Something just doesn't add up!
It gets worse
Last Thursday was another in a series of long days and I'll admit I was close to dozing off during reporting of that day's presidential press conference on the virus.
But, shaking off the drowsies, I could have sworn I heard the president suggest that the virus might be cured by "injecting" disinfectants into humans -- or, maybe, sitting in front of powerful ultraviolet lights.
Surely not, I thought. Must be dreaming.
But the talking heads continued to cover this like it was serious. And I was pretty sure I was awake.
Fortunately, I was watching on satellite TV, so it was simple to rewind and watch it again.
Sure enough, the president suggested injecting disinfectant or using strong lights.
And no, this time it didn't appear that aliens had hijacked our world but something certainly seemed way off kilter.
Of course, by Friday Trump was backing off by saying that his remarks were just him being sarcastic. Or, something like that.
But that prompted a number of companies, including Lysol, to issue strong statements warning that their products are not to be taken internally under any circumstances and could prove fatal.
Naturally, Trump blamed the media for taking his remarks out of "context."
But I listened to him multiple times and he seemed serious and that leaves an important question. In the middle of a deadly pandemic, why is the leader of the free world being sarcastic about such an important topic? And who was he playing to this time?
If you read last week's column in this space, you'll remember that I wasn't too kind to our county officials about their response to the pandemic here in Franklin County and the horrible toll it is inflicting on some of our most vulnerable friends and neighbors.
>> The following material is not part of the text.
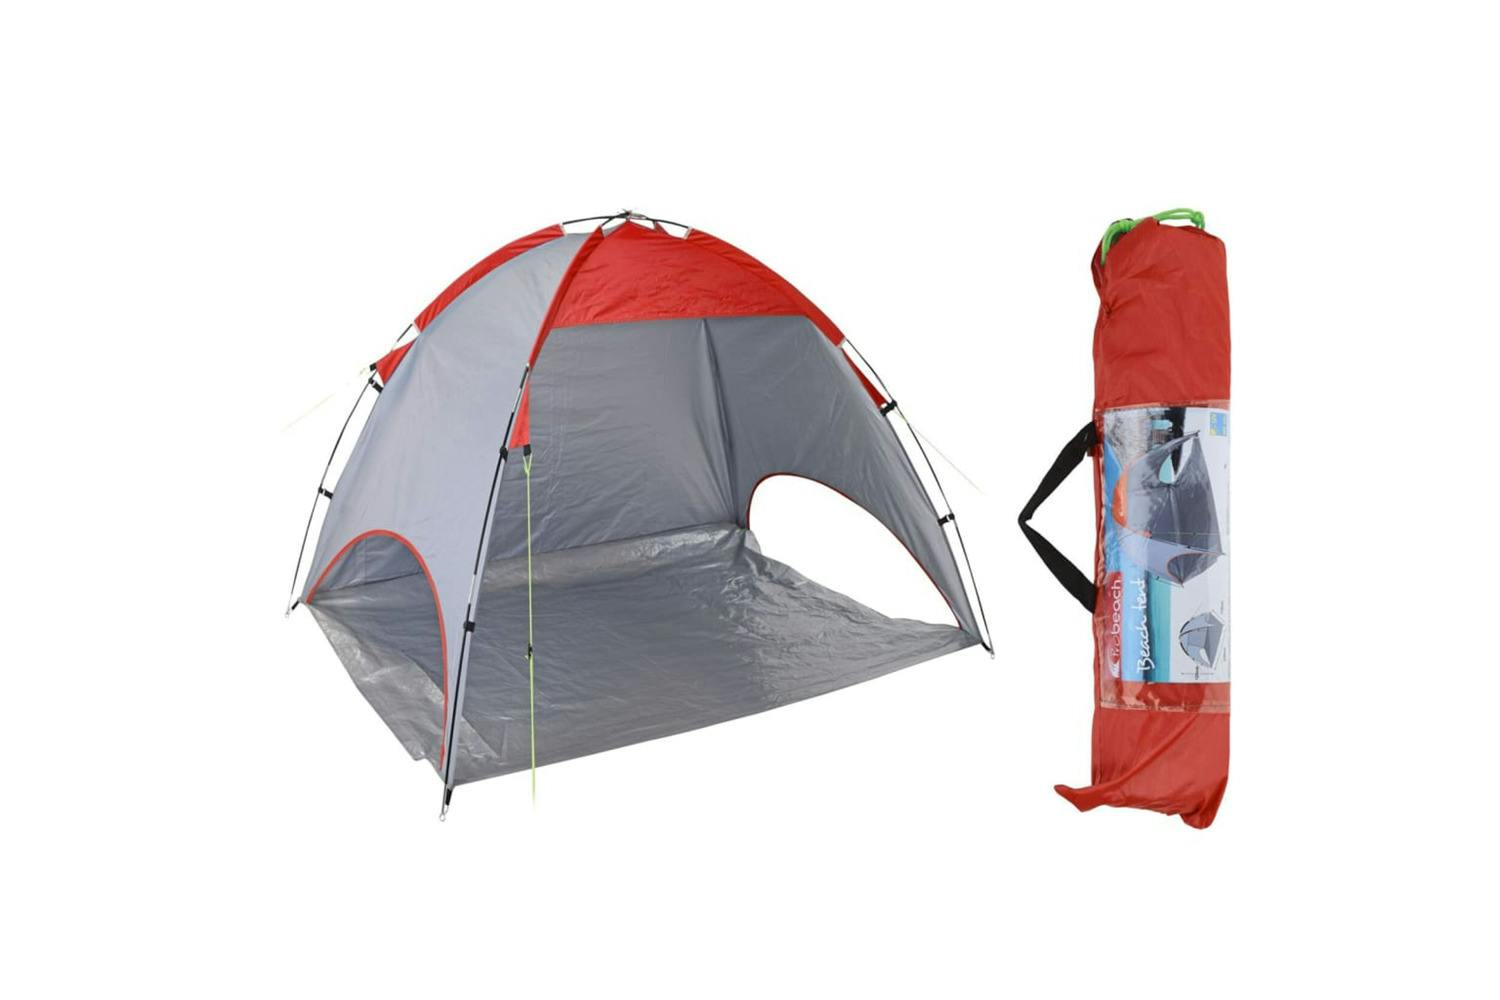 Probeach 441918 Beach Tent Red And Grey 220x120x115 Cm

Yet some folks think I was way too kind -- and one offered up some surprising statistics to prove the point.
He pointed me to the often-updated COVID-19 status report that is being compiled by Johns Hopkins University. It is reporting on the situation on a state by state and county by county level.
After drilling down to the Franklin County data, I got a cold chill.
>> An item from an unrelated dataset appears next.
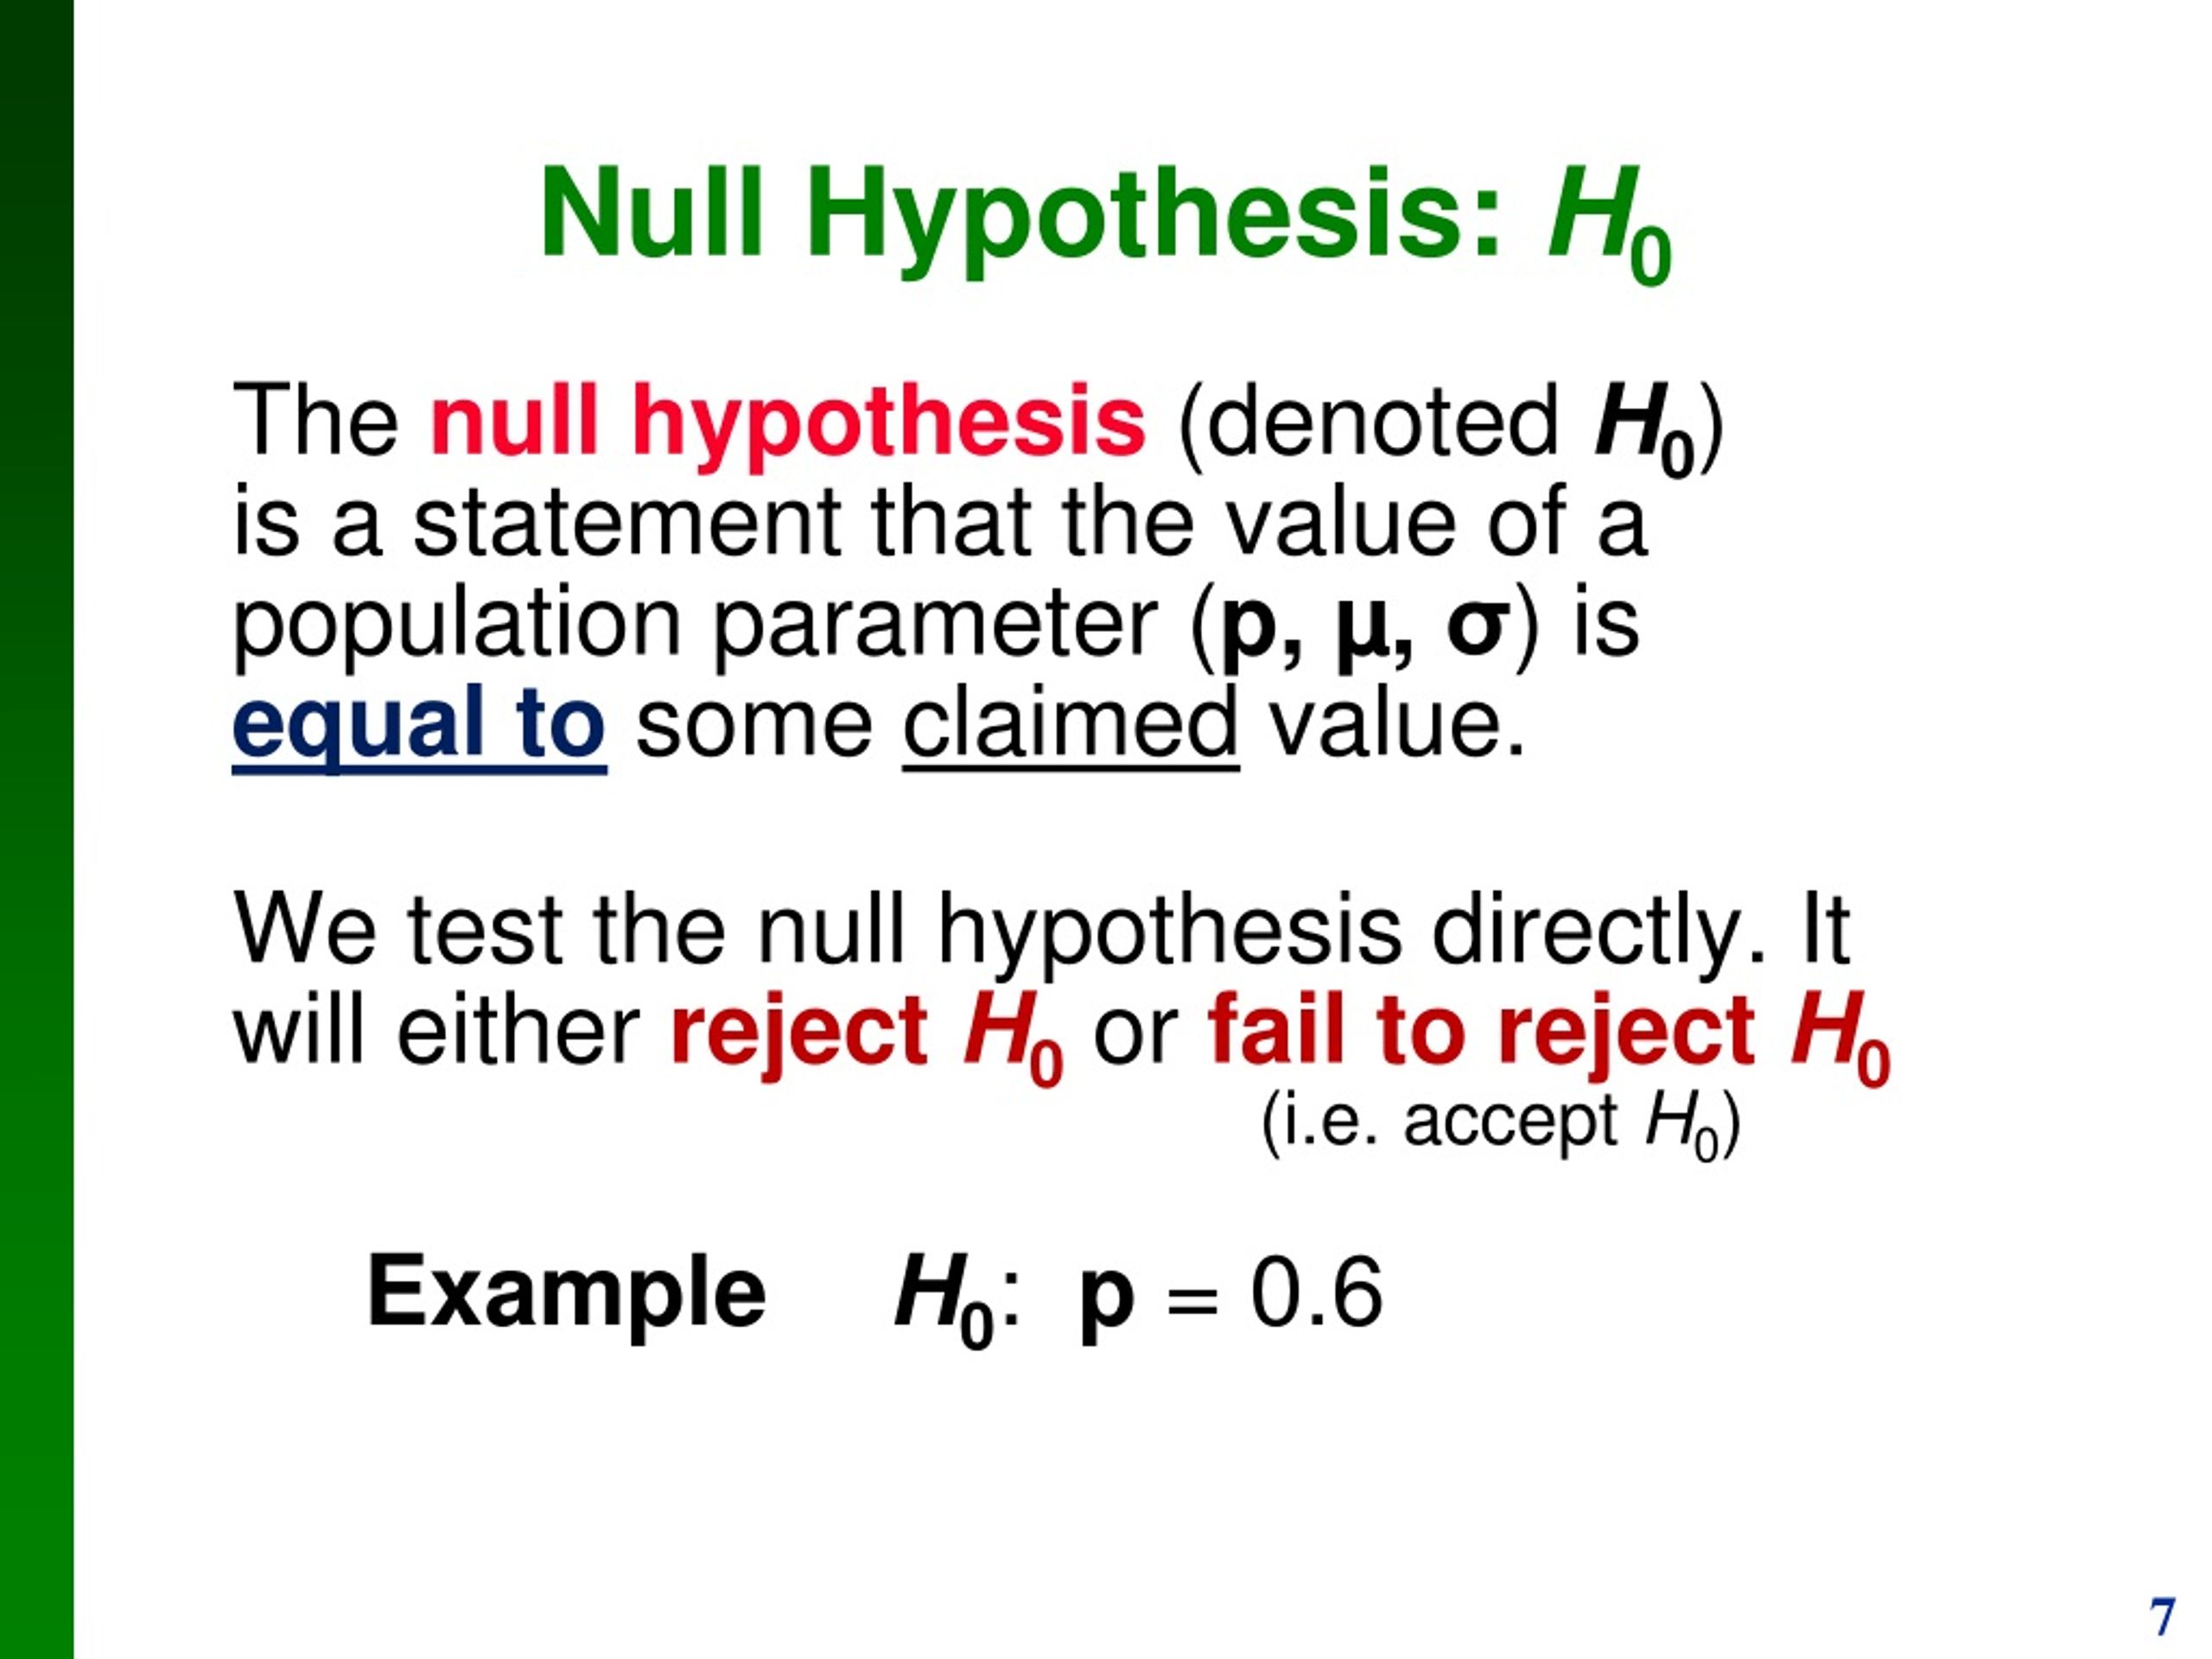 h_0 hypothesis

The report indicates that our county of 67,560 people had a reported total (as of a week ago today) 77 confirmed cases of the virus. (By Monday it was 100.)
And we had 13 deaths in Franklin County.
That was a fatality rate of a staggering 14.74 percent!
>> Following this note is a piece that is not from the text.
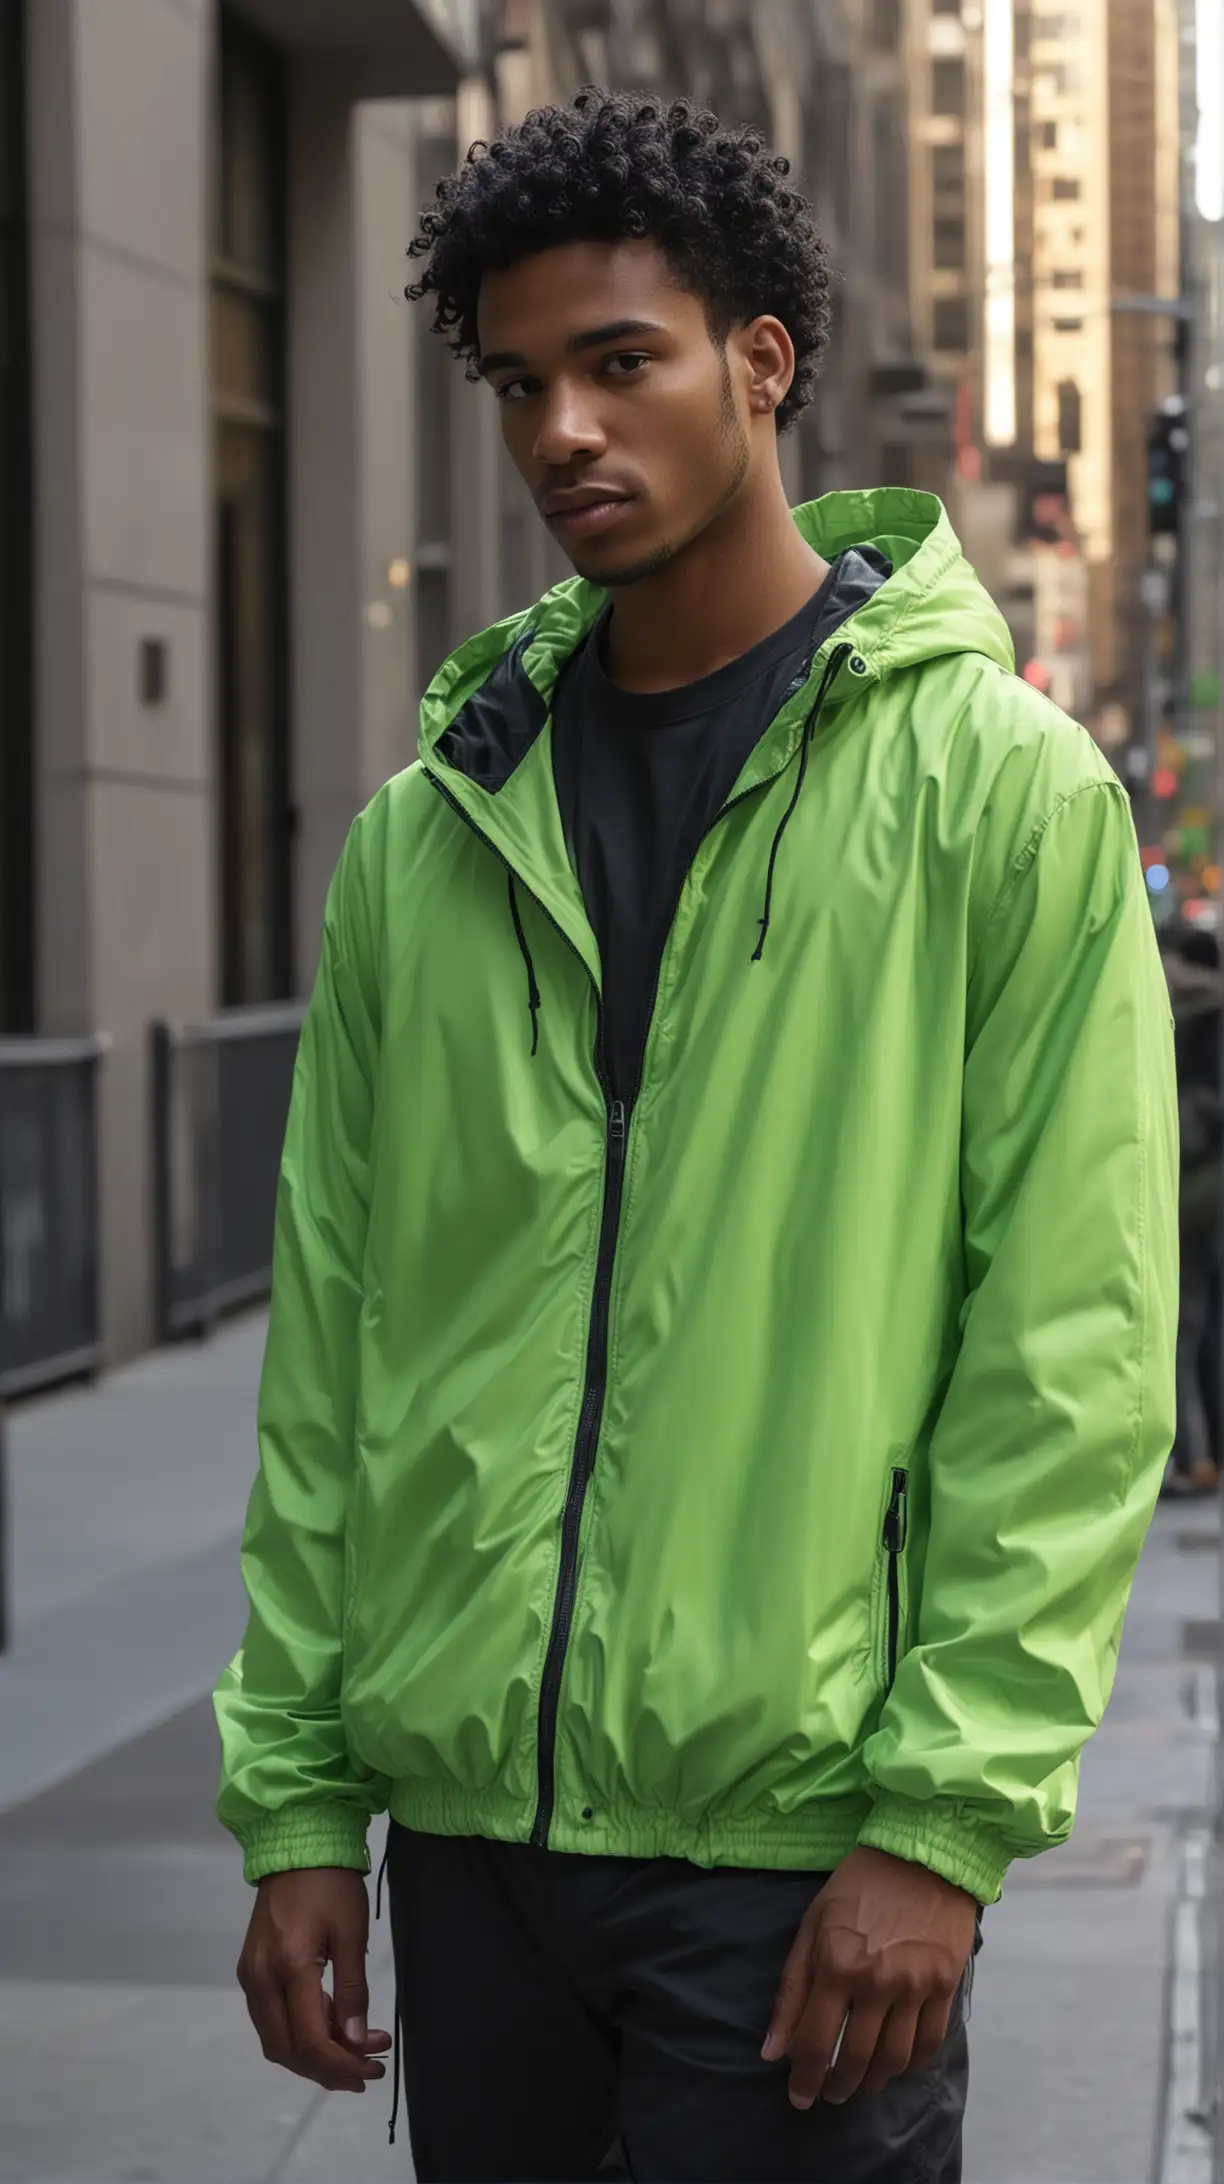 Stylish Urbanite Young Man in Neon Green Windbreaker on New York City Sidewalk

Compare that to a statewide 7,820 cases at the same time and 281 deaths.
That puts the statewide fatality rate at a still-high 3.6 percent.
But our death rate is approaching FOUR TIMES the statewide average.
Now, do you want to defend the response and its effectiveness here in Franklin County?
Sadly, Johns Hopkins also pointed out that we have zero staffed hospital beds in the county; zero licensed beds in the county and zero intensive care unit beds in the county. (To find the latest data, just Google John Hopkins COVID and then look at U.S. cases and finally, the dashboard that provides the county by county information.)
Say what you want, but it looks to me like we have a lot of work to do in this county, especially if this virus makes a major comeback this fall. My first suggestion to the county commissioners would be to instantly fire any county employee caught playing around or posting on Facebook during the working day.
Then, create a blue-ribbon group of health care professionals and community leaders to begin working on this situation immediately, knowing that any adequate solution will take months if not years.
But continuing to have community leaders waxing ... I mean, wasting time bragging on Facebook during such a crisis is just asking for trouble.
We're paying top dollar for leadership and we must make sure we're getting our money's worth!
A parting shot
One final headline from last week that helps explain why we are feeling somewhat discombobulated:
Former Labradoodle breeder was tapped to lead U.S. pandemic task force
Just for the record, I did not make that up!
Enjoy. Stay safe. Don't drink the Clorox. And keep your head on a swivel 'cause those aliens may be watching us!